Anti-monopoly watchdog Competition Commision of India (CCI) has approved the merger of IDFC Bank and Capital First. According to the company’s statement, the merger is still subject to RBI approval. In January this year, private sector lender IDFC Bank and Capital First, a leading provider of debt to micro, small and medium enterprises and retail consumers, had announced to to merge their businesses to create a combined entity with assets under management of Rs 88,000 crore and a customer base of 50 lakh. We take a look at key details of the merger. 

The share swap

 The scheme of amalgamation, to be effective from April 2018, requires IDFC Bank to issue 139 shares for every 10 shares of Capital First, the companies had said in a joint statement. IIFL, a research and brokerage firm says that the deal clearly favours Capital First in terms of swap ratio.
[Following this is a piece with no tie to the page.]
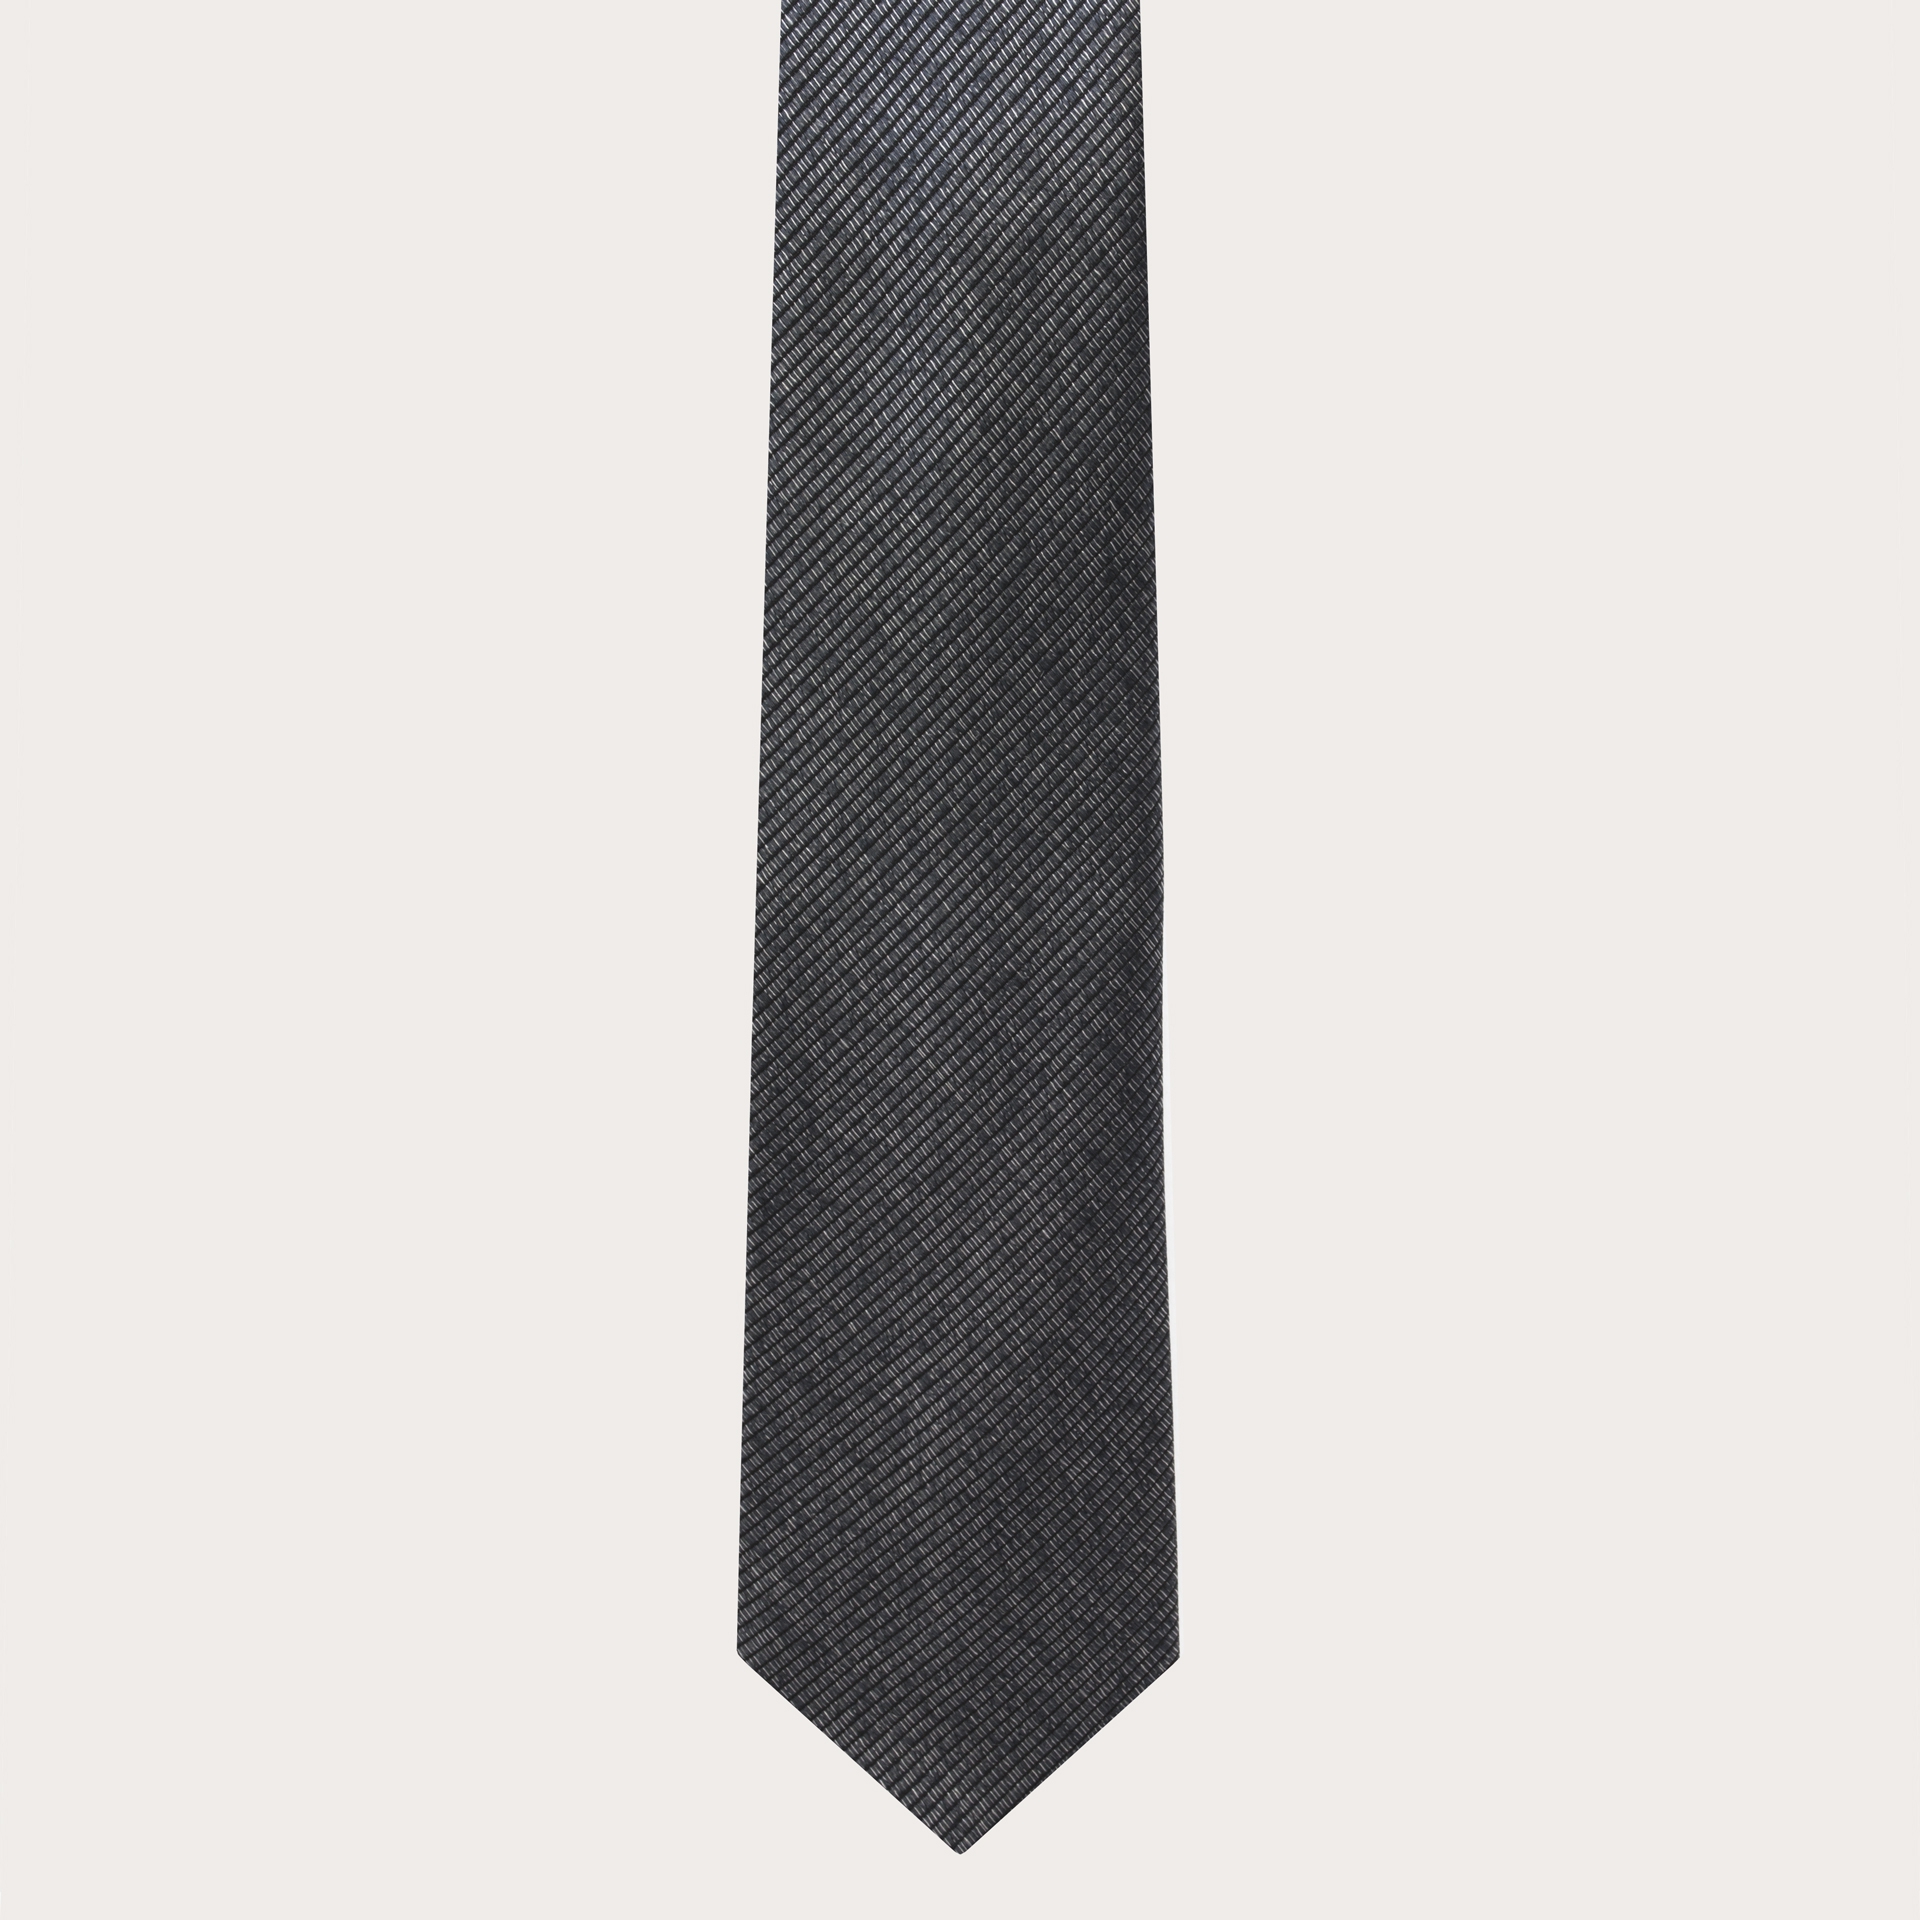 BRUCLE Cravatta uomo in seta jacquard melange nera e argento

According to its recent report, IDFC Bank is paying a huge premium for acquisition of retail assets. Another, research firm Antique Broking observed that there are no immediate synergies in IDFC Bank-Capital First merger deal. Further, Antique notes that Capital First is richly valued due to its RoE of 12-13%. Notably, the share swap deal implies a discount of about 12% to IDFC Bank’s valuation, based on its market capitalisation of Rs 23,019 crore on January 12th, the date the merger was announced. According to the company’s press release, the existing shareholders of IDFC Bank and First Capital will retain ownership shares of about 71.2% and 28.8%, respectively.

6-9 months for completion

Rajiv Lall, Chairman of IDFC said that the merger can take up to 6-9 months time to start operations, as after getting the requisite approvals from RBI, Securities and Exchange Board of India (SEBI) and Competition Commission of India (CCI), the merger process has to be navigated through two National Company Law Tribunals (NCLTs), for IDFC Bank in Chennai and Capital First in Mumbai. 

The synergies

Taking stock of the synergies provided by the planned deal, V Vaidyanathan Executive Chairman of Capital First had said that a banking platform provides a stable diversified liability base and is critical for building a large franchise. “We are excited about this merger because IDFC Bank provides a perfect platform for continued growth of the combined franchise, supported by low-cost funding,” he added. According to the arrangement,  V Vaidyanathan, the current chairman and managing director of Capital First, will succeed Rajiv Lall as the MD and CEO of the combined entity. Further, Rajiv Lall will take up the role of non-executive chairman of IDFC Bank and guide the transition process.